Regarding the antiviral activity of the most cited plants in our survey, Table 4 summarizes some studies of these plants against different types of viruses. By use of molecular docking, the antiviral activity of eucalyptus was determined against herpes simplex virus 1, herpes simplex virus 2 [18], rotavirus Wa strain, adenovirus type 7 [19], and SARS-CoV-2 [20, 21]. Moreover, garlic has been used for centuries in the treatment of diseases such as viral diseases. Antiviral activity of Allium sativum has been confirmed against several viruses such as influenza A and B [22], herpes simplex virus 1, herpes simplex virus 2 rhinovirus, and human immunodeficiency virus (HIV) [23, 24]. Citrus limon, which is used by the Moroccan population to treat COVID-19, is rich in flavonoids like diosmin, eriocitrin, and hesperidin, which possessed biological activities including antiviral power [25]. Antiviral activity of eugeniin extracted from the Allium sativum and clove has been reported to be effective against herpes by inhibiting the viral DNA polymerase, which in turn affects DNA synthesis [26]. Moreover, eugenol showed antiviral activity against human herpes simplex [27].

3.2.2. Mode of Use of Plants

Results showed that 70% of the population use the leaves or aerial parts of plants in the treatment (Figure 1).
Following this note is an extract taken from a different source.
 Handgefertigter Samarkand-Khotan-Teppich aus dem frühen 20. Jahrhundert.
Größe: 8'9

This can be explained by the easy harvesting of aerial parts and the accessibility facilities [6]. Fumigation represents the most used method to prepare natural preparation against COVID-19, followed by infusion (Figure 2). Generally, fumigation was used in traditional medicine to treat pulmonary and neurological diseases [28]. Since the SARS-CoV-2 virus infects the respiratory system, people prefer using fumigation for treatment. Another reason why fumigation is used is that vapors can play a role in disinfestation.
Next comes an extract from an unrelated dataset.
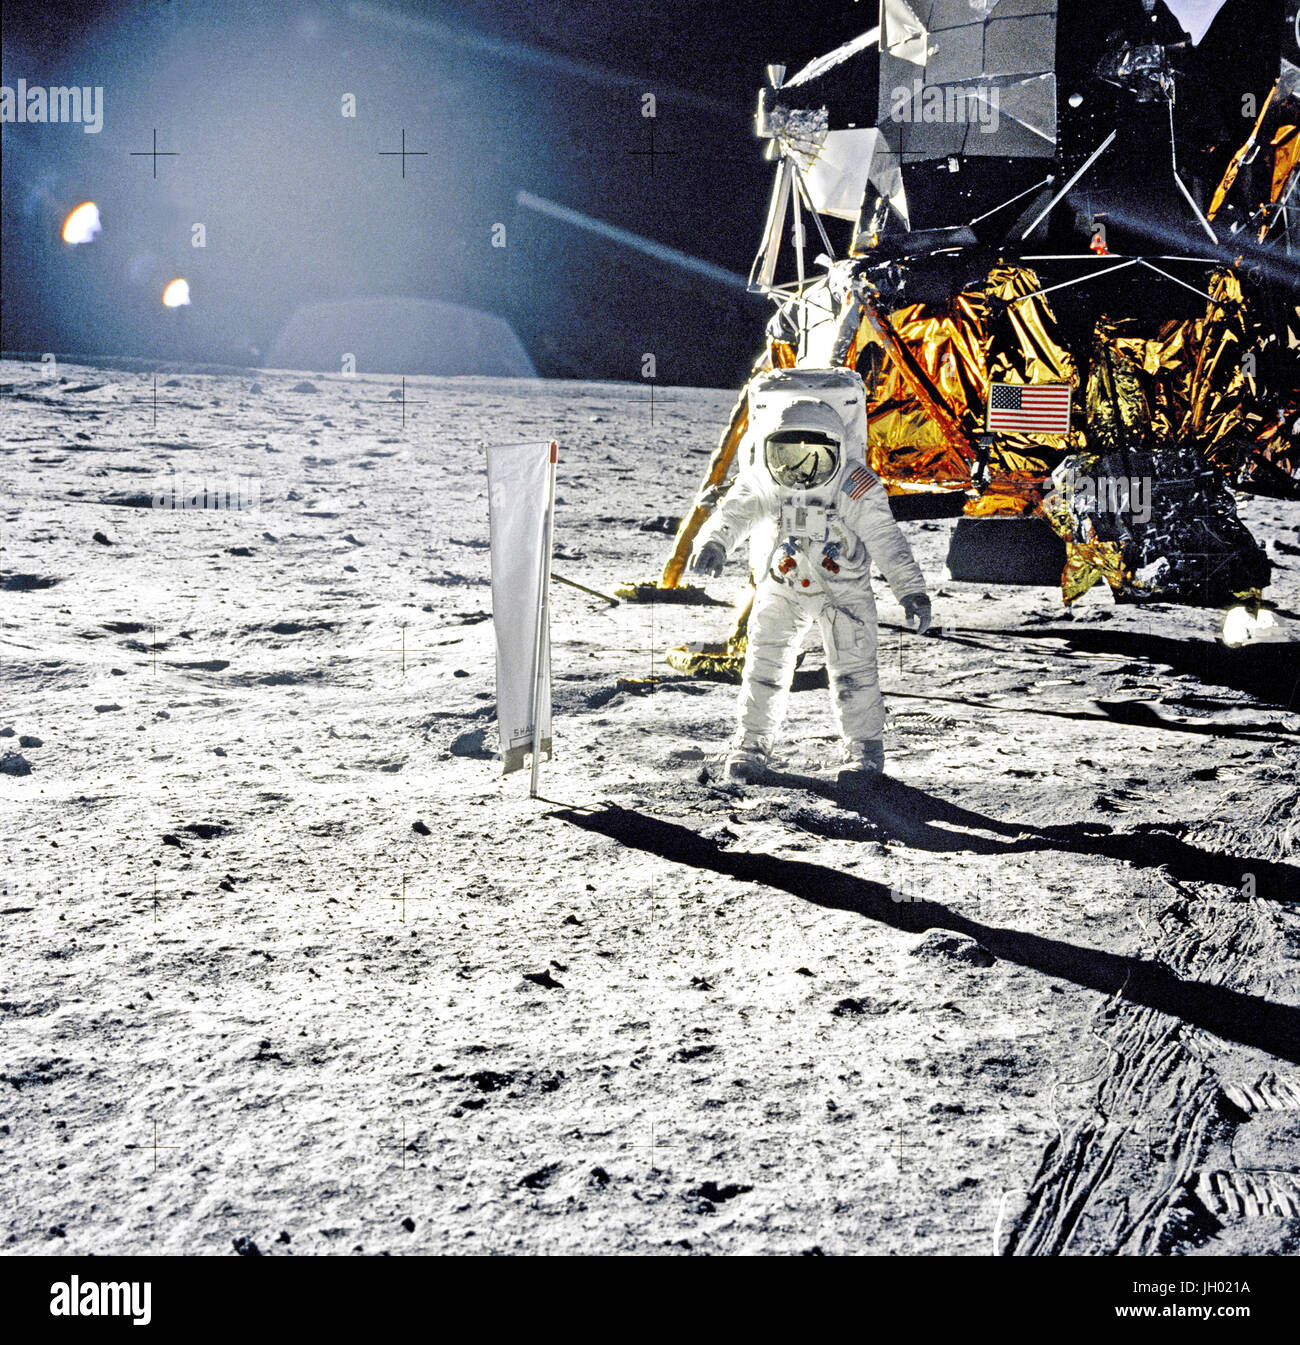 Astronaut Edwin E. Aldrin, Jr., Pilot der Mondlandefähre, wird während der Apollo 11 Extravehicular Activity (EVA) auf dem Mond fotografiert. Im Hintergrund Rechte ist die Mondfähre "Eagle." Aldrin des Rechts ist der Sonnenwind Zusammensetzung (SWC) Experiment bereits bereitgestellt. Dieses Foto wurde von Neil A. Armstrong mit einem 70 mm lunar Surface-Kamera aufgenommen... Stichwörter. Fotograf: NASA Edwin E. Buzz Aldrin Stockfoto

Regarding the treatment period, Figure 3 shows that 30.6% of the population used plants at least one time from the beginning of the pandemic up to the date of investigation, 23.1% once a week, 13.9% once a day, and 9.3% every day during the outbreak.

3.3. Toxic Plants

The empiric use of plants for medication is always linked to risks of toxicity [29]. Our results showed that 5 out of 21 plants used by the Moroccan population for treating or preventing COVID-19 were listed to be toxic (Table 5).

Concerning the toxicity of Artemisia herba-alba, a study by Abderrahman and Shbailat showed harmful effects on the division of bone marrow cells and the induction of chromatid exchanges at doses of 375 and 500 μg ml−1 [30], while another study mentioned the potential renal toxicity of this plant [31]. N. oleander is known for its toxicity due to the presence of cardiac glycosides in all plant parts. Cardiac glycosides inhibit Na+/Ka + ATPase pumps in cardiac cells, which lead to hyperkalemia [3234].
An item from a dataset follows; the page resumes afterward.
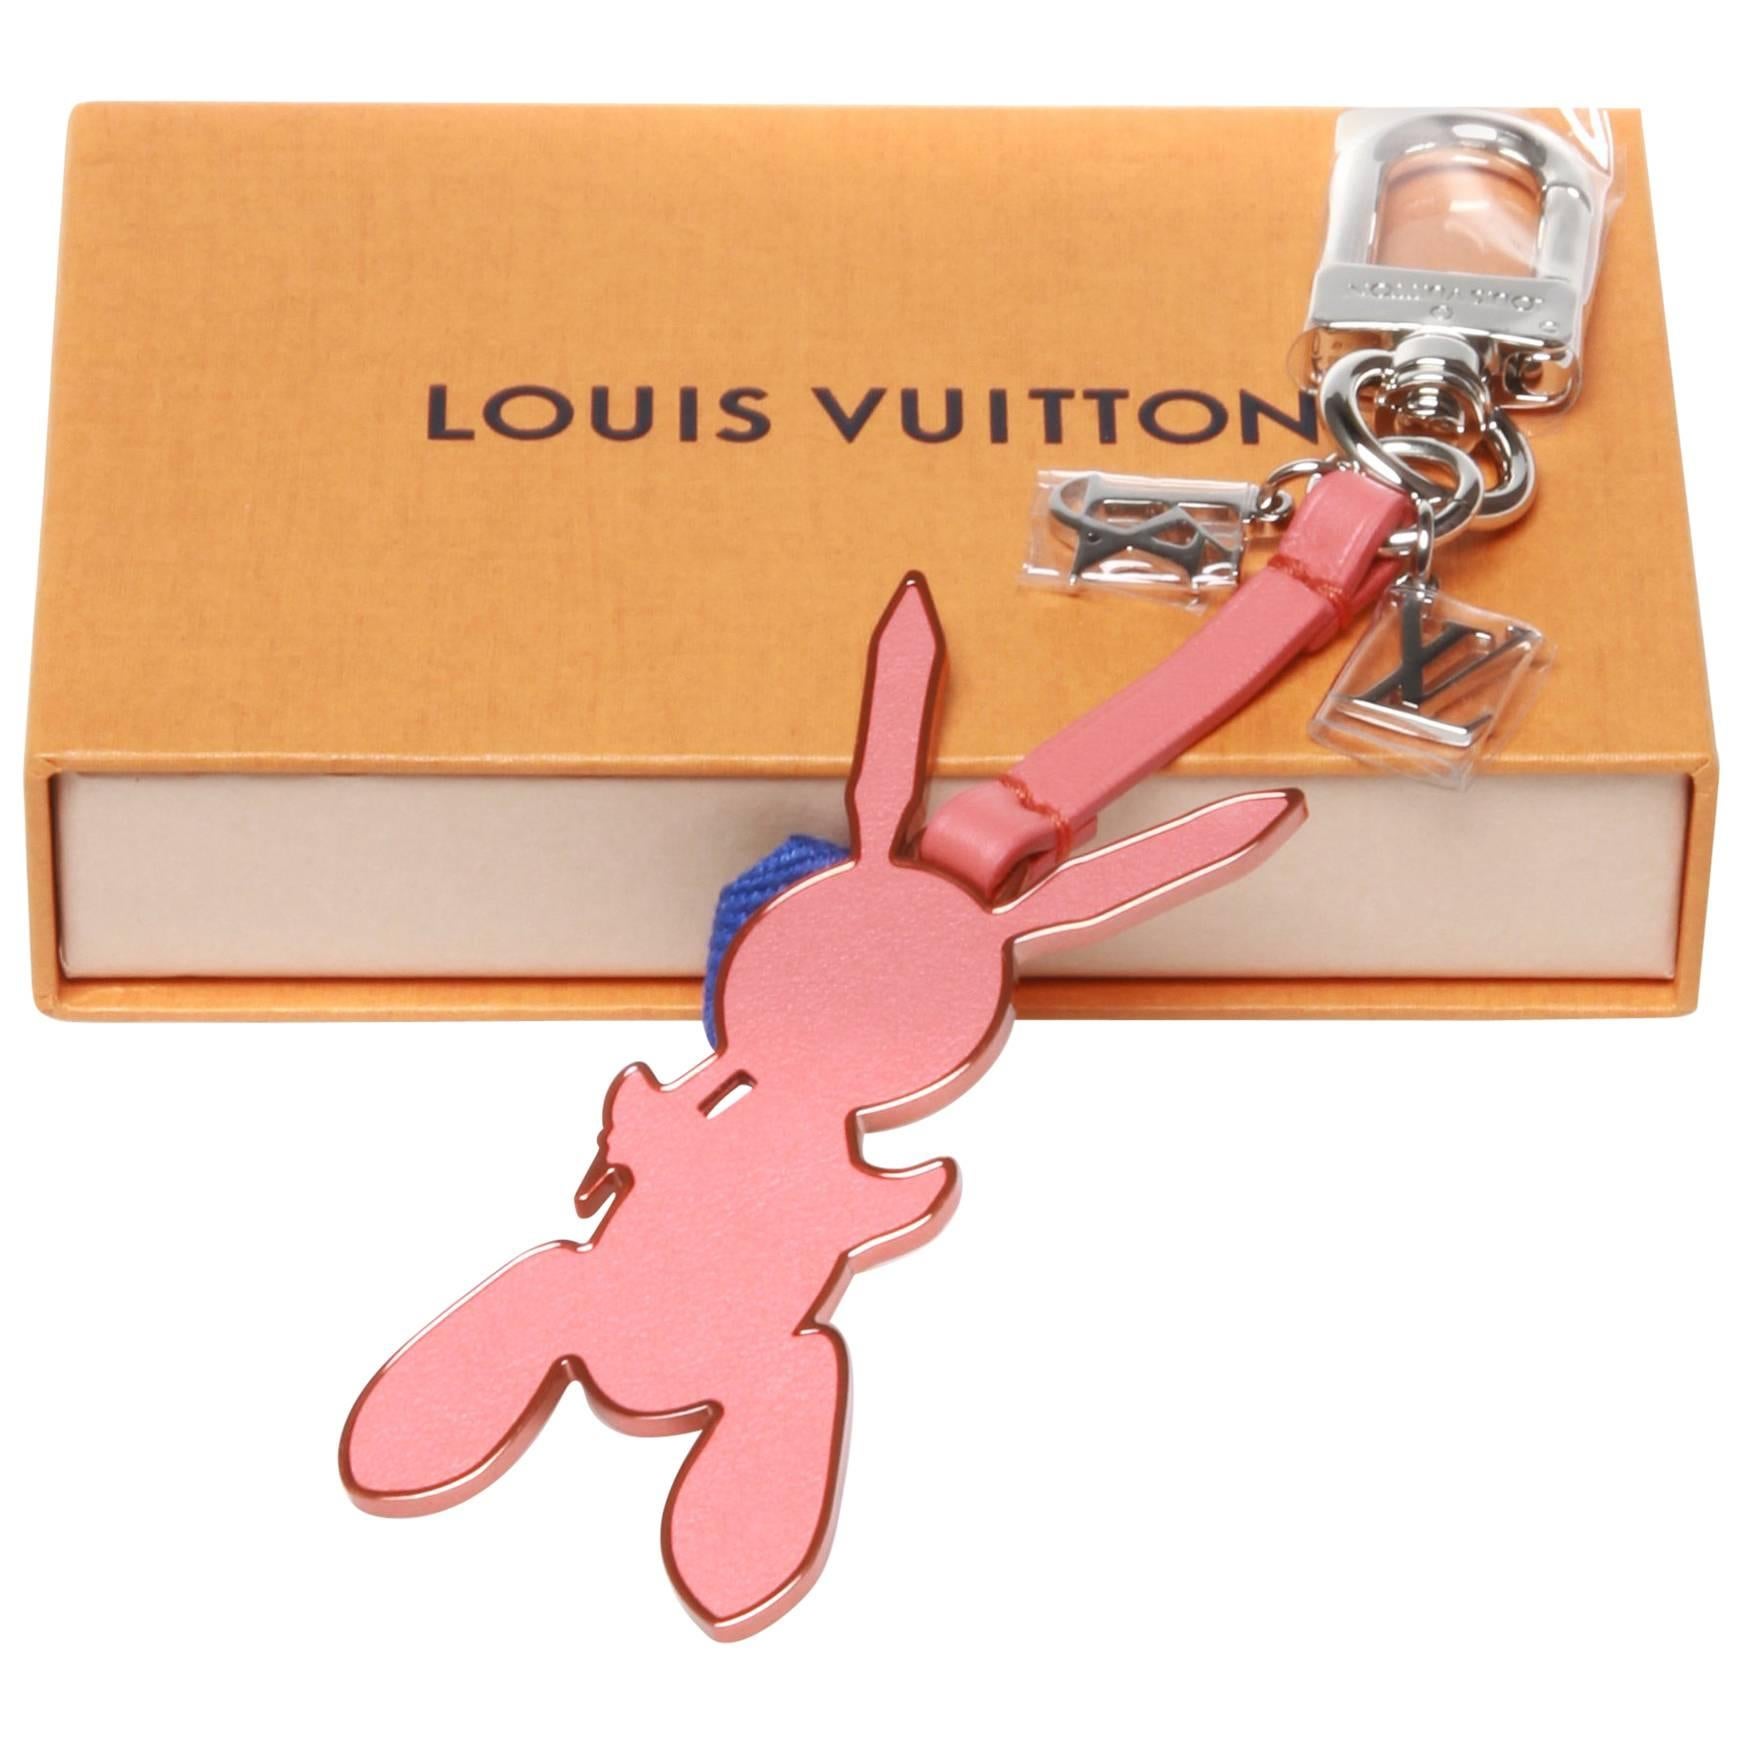 Louis Vuitton x Jeff Koons Bag Charm

Pistacia lentiscus is also a toxic plant whose oils cause a decrease in hepatic cytochrome P450 activity. Subacute administration of P. lentiscus extract in rats results in hepatic fibrosis and mild cholestasis [3537]. Little research mentions the toxicity of Olea europaea. However, administration of the leaf extract of this plant for a longer period may lead to liver and kidney damage as reported in previous works [38, 39]. Furthermore, Juniperus thurifera oils can cause severe gastrointestinal irritation and intense congestion of the genitourinary system and intestines [40].

4. Conclusion

The present study documented medicinal plants used by the Moroccan population against COVID-19. The results showed that many plants used to fight the causative agents of the severe acute respiratory syndrome, including Artemisia herba-alba and Nerium oleander. Notably, antiviral activity of most reported plants has been confirmed against some viruses elsewhere, but no activity has been yet approved in in vivo studies. Some toxic pants were included in natural preparations used by the Moroccans to control SARS-CoV-2, and hence people should pay more attention to the non-approved natural products.

Data Availability

The data used to support the findings of this study are included within the article.

Conflicts of Interest

The authors declare that they have no conflicts of interest.

Acknowledgments

This study was supported by the Researchers Supporting Project (RSP-2022R437), King Saud University, Riyadh, Saudi Arabia. The authors are grateful for the support.